Losing my husband is probably the most nerve-wrecking, most heartbreaking, most energy-draining, and most soulful experience I ever had. It was toughest of the toughest challenges that I didn’t believe I will be able to surpass. I thought that it was also the end for me. I thought I would never live my life again after my husband has passed. But because of my husband, himself, I was able to put back my broken pieces of heart, soul and mind into one again. Let me tell you how I managed to cope with my husband’s passing.

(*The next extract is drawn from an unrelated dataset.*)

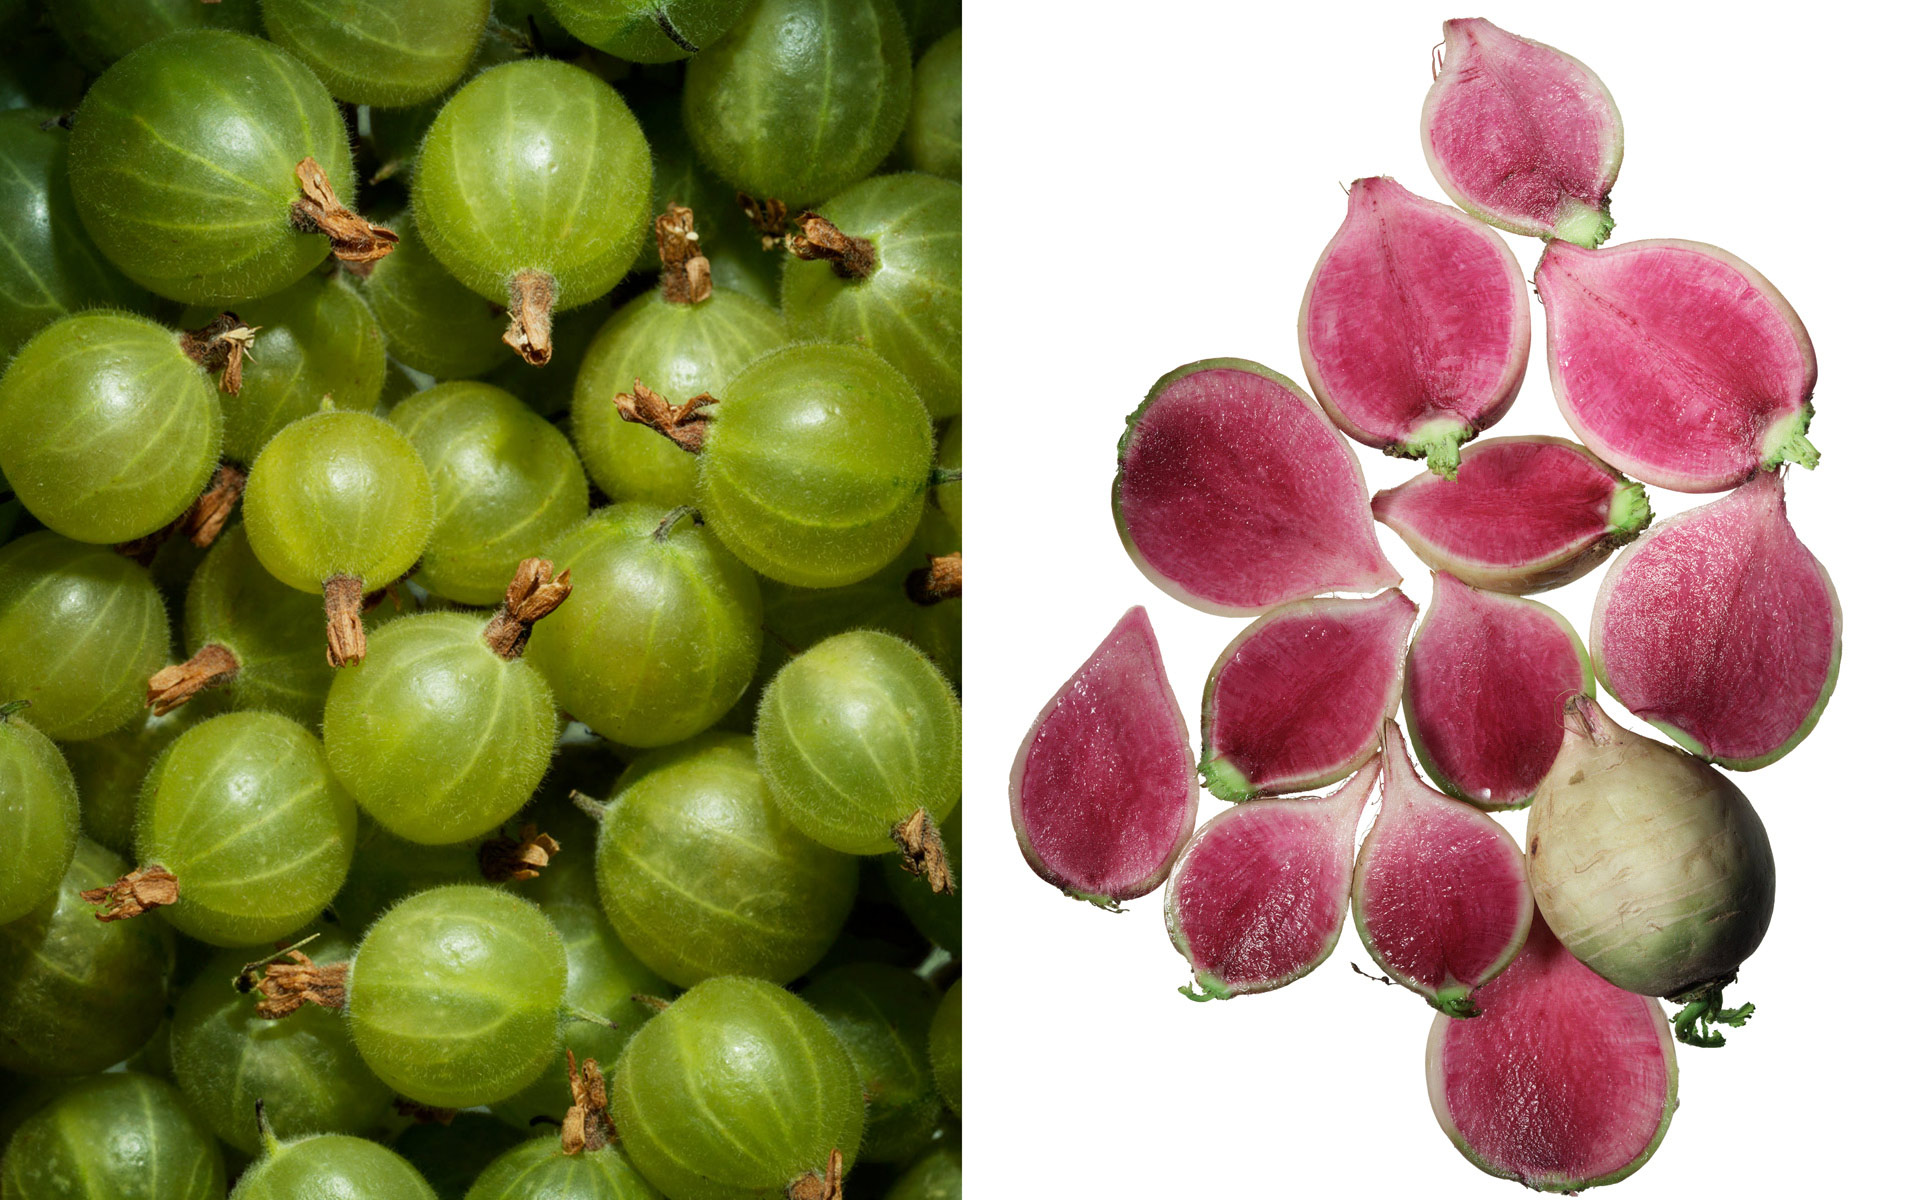 PR_grapes-radishs_sq.jpg

It all started with a goodbye.
“Losing someone or something you love and care deeply about is very painful. You may experience all kinds of difficult emotions and it may feel like the pain and sadness you’re experiencing will never let up,” says Kevin Stevenson, LMHC, MCAP. Most often than not, when someone lost a loved one, he or she may not be able to bid farewell. This maybe because the loved one passed in a very unexpected time or the loved one got into an accident and died. Whatever the reason maybe, not being able to say your final goodbye to your loved one won’t give you that peaceful closure. You will be filled with regret of what if’s and should have’s.

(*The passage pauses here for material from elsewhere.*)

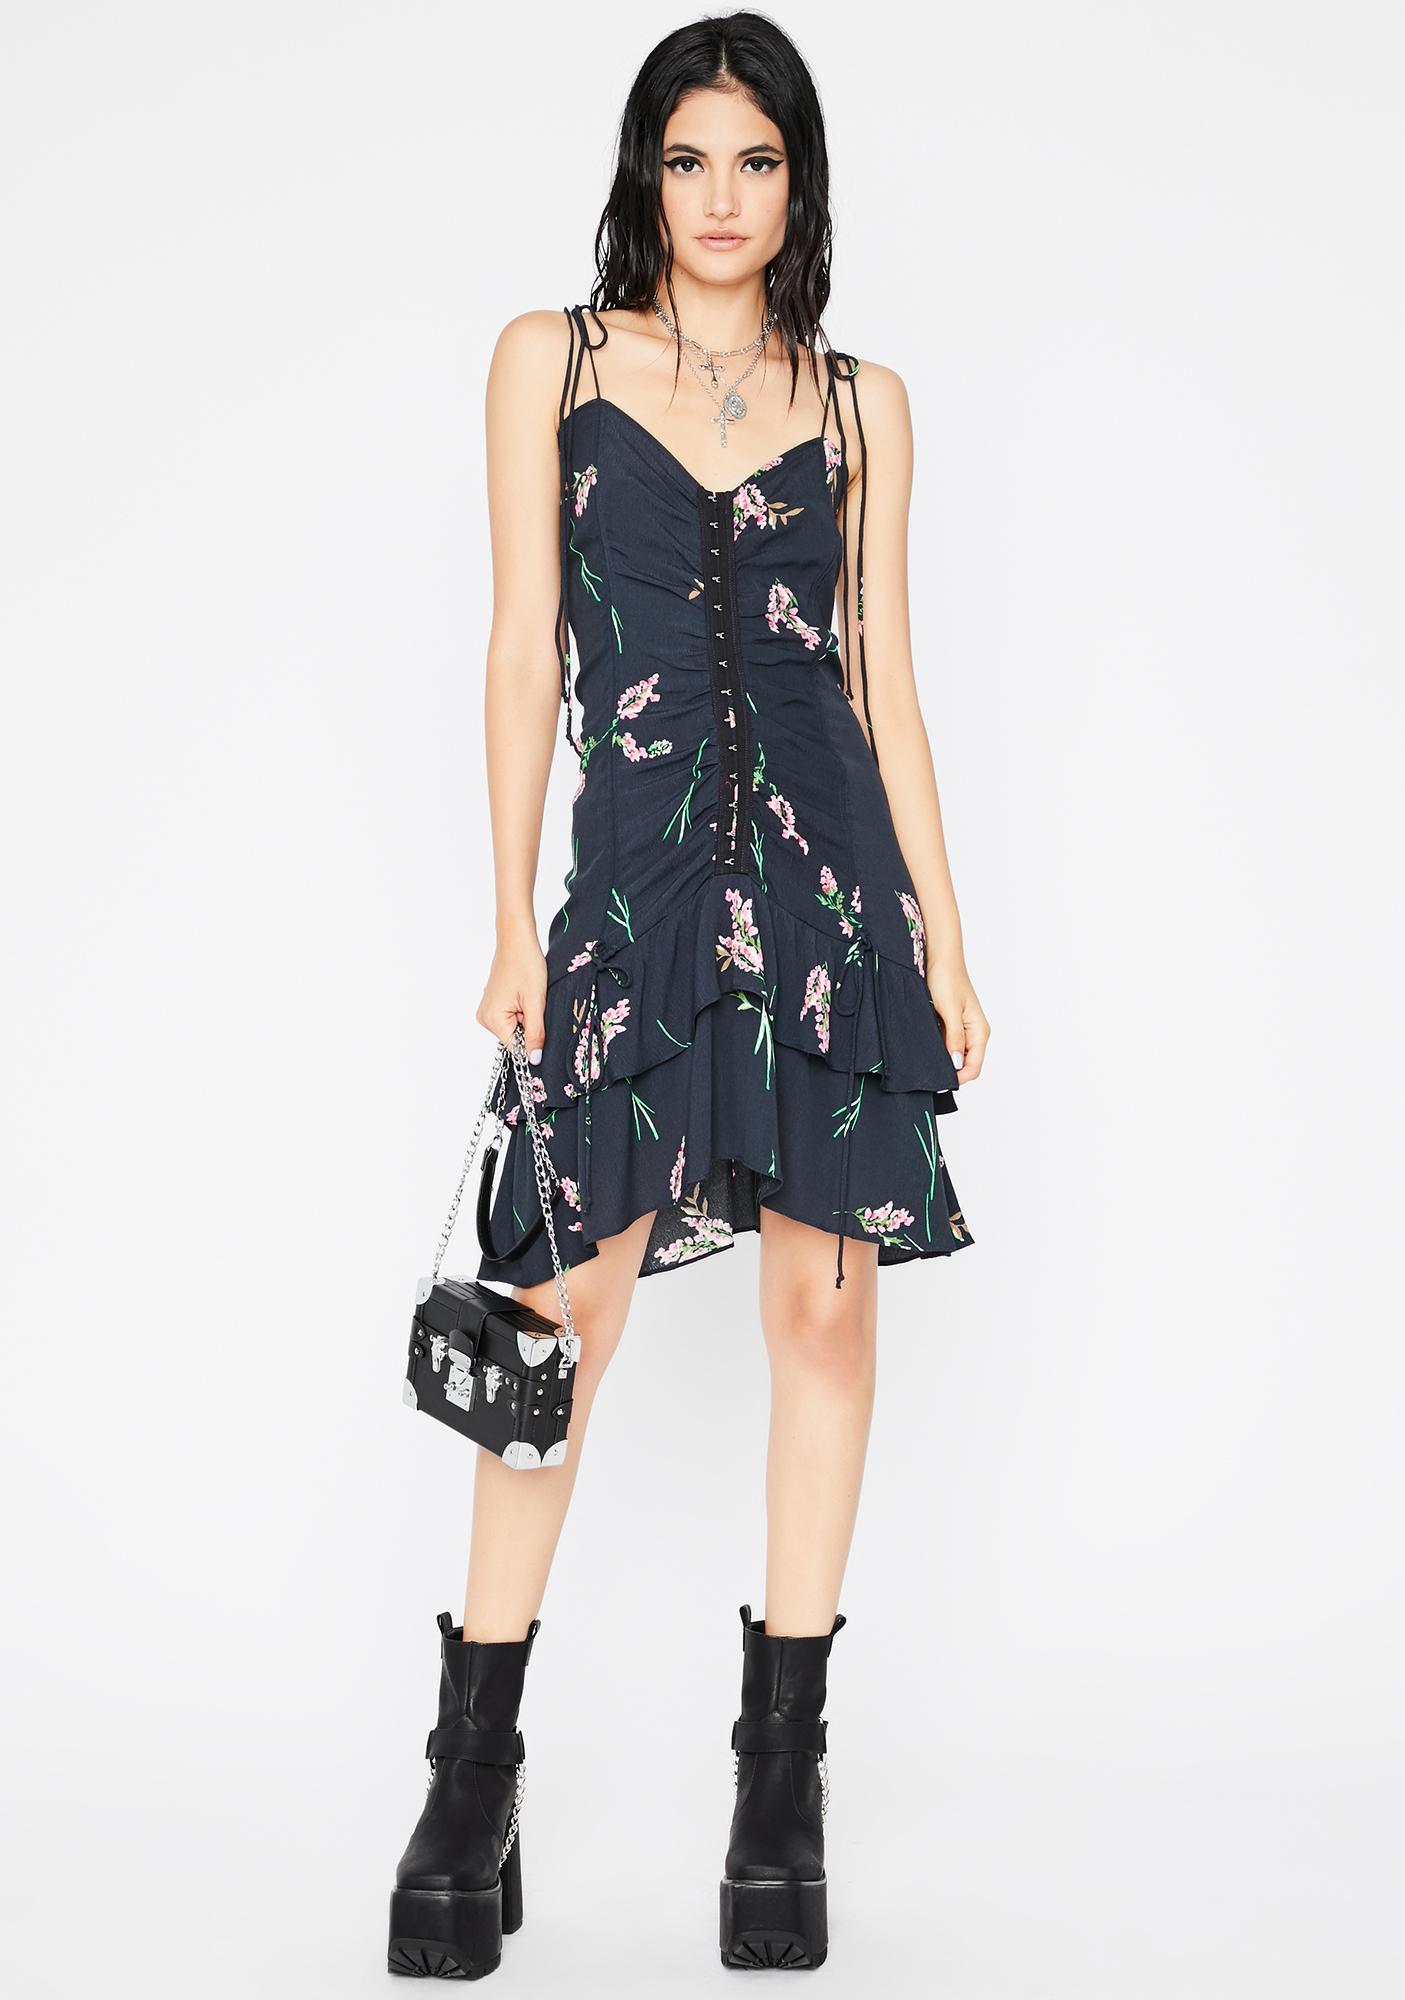 Call Me Bae Floral Dress

Luckily, I was able to say goodbye to my husband. His death was unexpected but we were able to say goodbye to one another. It may not be during the few minutes before his death, but having that chance to say goodbye to the most precious person in your life is worth the peaceful closure that I needed.
I cherished the reminders that he left.
I and my husband have a wonderful twin, Alon and Malaya. We are all heartbroken after their father died. However, we also supported each other through this grievance. I wouldn’t have escaped that deep, dark hole of depression if not for my loving children. They are the perfect reminder of the perfect relationship I had with my husband. I wouldn’t trade them for anything in this world. My children are the symbol of the love that I and my husband shared over the past years. I understand Debbie Augenthaler, LMHC, NCC when she says, “Grief is a part of life we must embrace. Many people are grieving, feeling alone and overwhelmed. It’s important to remember that tears are like small messengers of unspeakable, indescribable love.”
I allowed myself to miss him.
“Time heals all wounds.” That’s one of my most favorite quotes. You might say that how can you forget and move on if you would allow yourself to miss your husband. You may not even try this advice. But, I want you to understand that there’s nothing wrong with missing your husband. In fact, missing him, reminiscing your happy memories, and reliving your love for him are very helpful in putting off the fire of sadness, loneliness and abandonment. It is not forbidden not to think about your loved one who passed. This may take some time, but it is still my way to remind myself that my husband lived his life with me contently. “When you miss someone, you need to process it,” says Gregory Kushnick, PsyD.
We may all have different ways that we used to cope with a loss. These three tips are the ones that worked for me. You can try them. You can modify them. As long as you experience their purpose, you are on the right track.